もうだめだ。ひとり、PCの画面の光を受けながら、絶望する。涙がはらはらとこぼれる。理想とする「なにか」を書ける気がしない。

ということがわたしには、ちょくちょく訪れる。

こんにちは、こんばんは。ライターのくりたまきです。

まばゆいほどの、すばらしいコンテンツが、世の中にはいっぱいある。それに比べて、わたしが書くものの、どうしようもなさといったら。足元を見ると、呆然とする。ぼんやりと理想が遠くに見える気がするのに、そこにたどり着かない。純粋に、力が足りないのだ。
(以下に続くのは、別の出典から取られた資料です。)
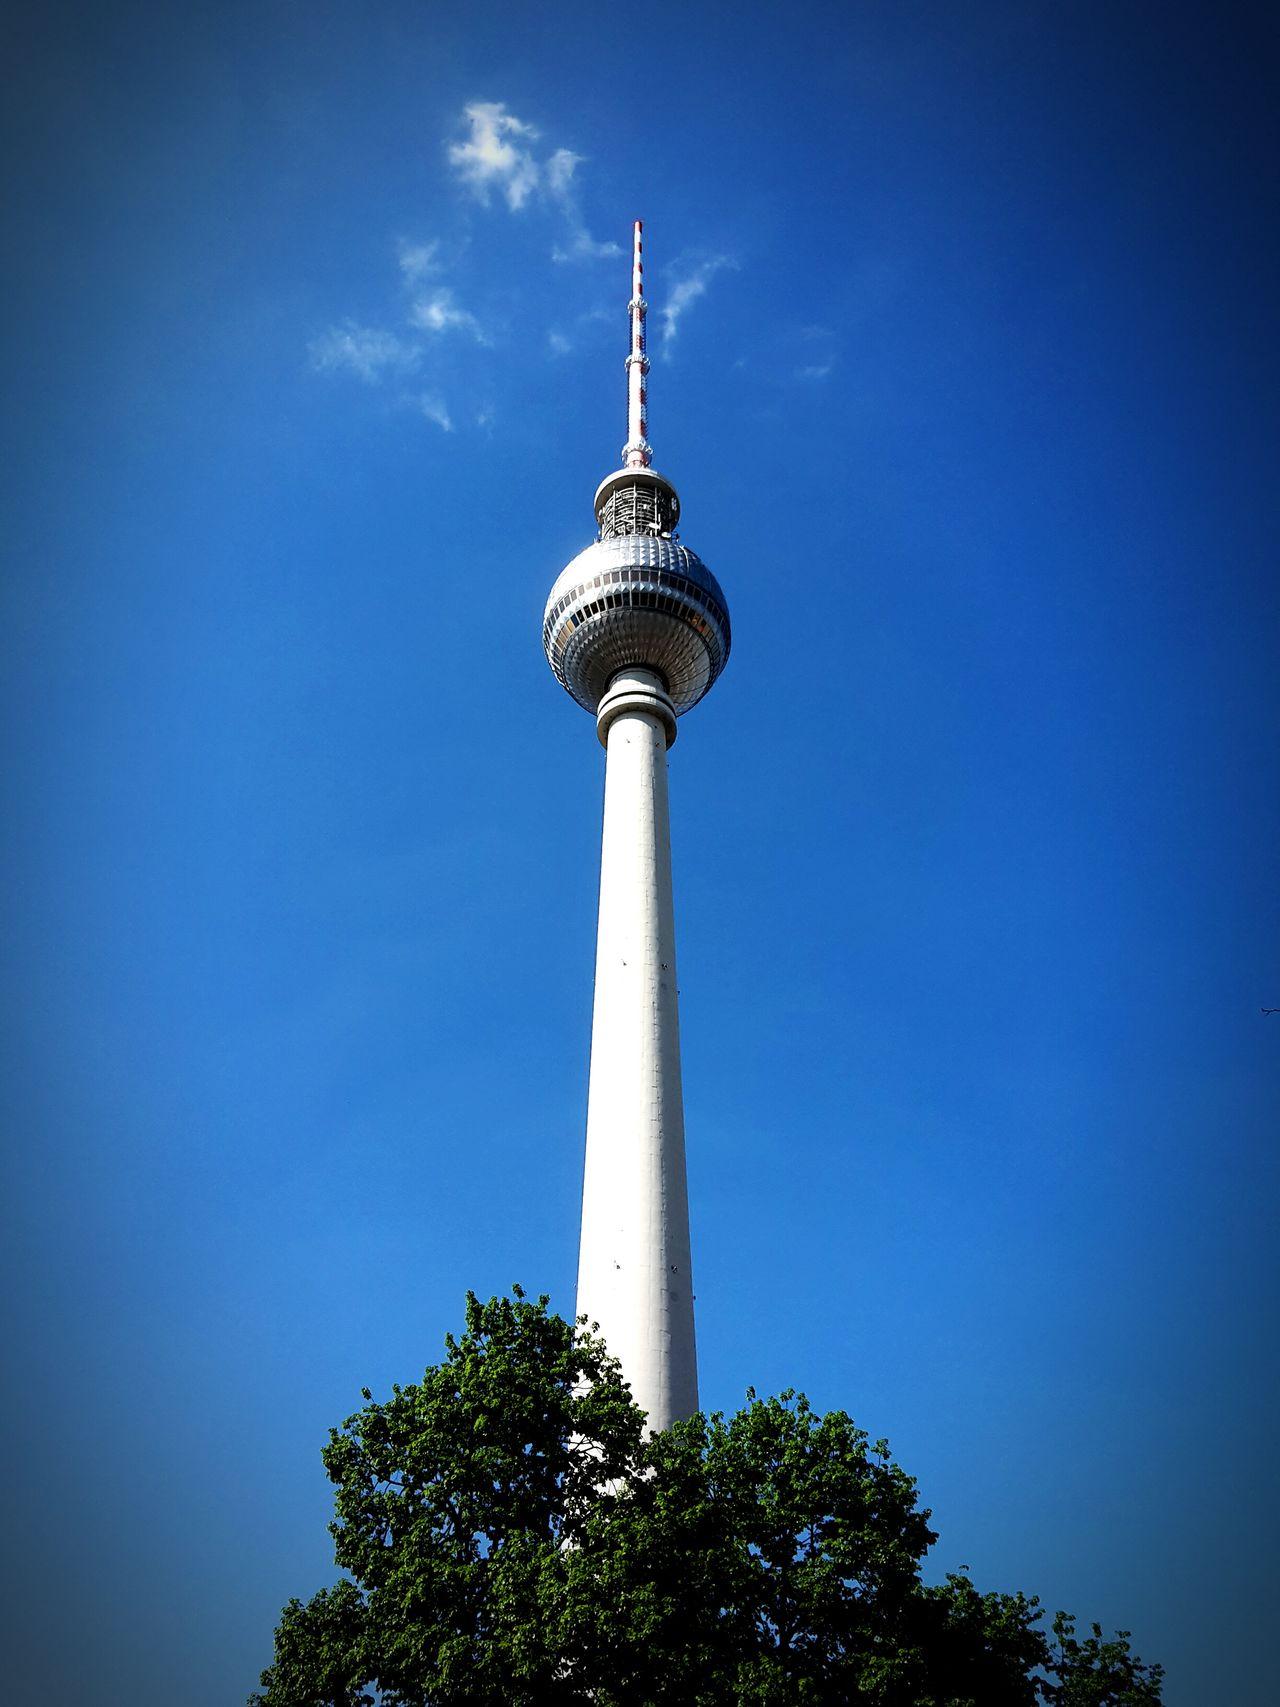 Berliner Fernsehturm im Mai 2016 Berliner Ansichten Berlindubistsowunderbar Berlin Photography Berlineransichten Berlin Fernsehturm Fernsehturm Berlin  Fernsehturm / Tv Tower Fernsehturmberlin

みたいな思考に陥って泣いてしまう。でも、書くことを仕事にしはじめたころには、そんなことはなかった。むしろ先輩に怒られて泣いていた。自分で自分のつくるものを見つめて泣くようになったのは、いつごろからだろう。

もしかしたら、原稿を見つめる読者としての自分が研ぎ澄まされてきた、ということかもしれない。正解はわからないけど、不正解だけは山ほどわかるのだ。

極限で原稿に向かい合ってるときのわたしは、できれば他人に見せたくない。自分で自分に突っ込んでほっぺにビンタしてるし、最近なんかもはやグーで殴るしつねるし、しまいに泣いてる。顔面がひどい。

どうして、こんなに書けないんだろうか。

いつも、のたうちまわってる。のだけれど。今日、いまも泣いたあとなんだけど、これまでと違う涙だった。

ずっと原稿の構造がまとまらなくて、なんどもインタビューの文字起こし(取材中の話してる言葉をそのまま加工せず文字にしたもの)を読み直して、悩んで。土日もほとんど机に向かってたけど、わからなかった。それが、さっきノートに書き出してたら、スーッと芯が浮かび上がってきた。消えないうちに書き殴る。

泣いた。

そうか、こういうことだったのか。文字起こしに潜んでいた思いと出会った気がした。その思いを前にしたとき、胸を打たれた。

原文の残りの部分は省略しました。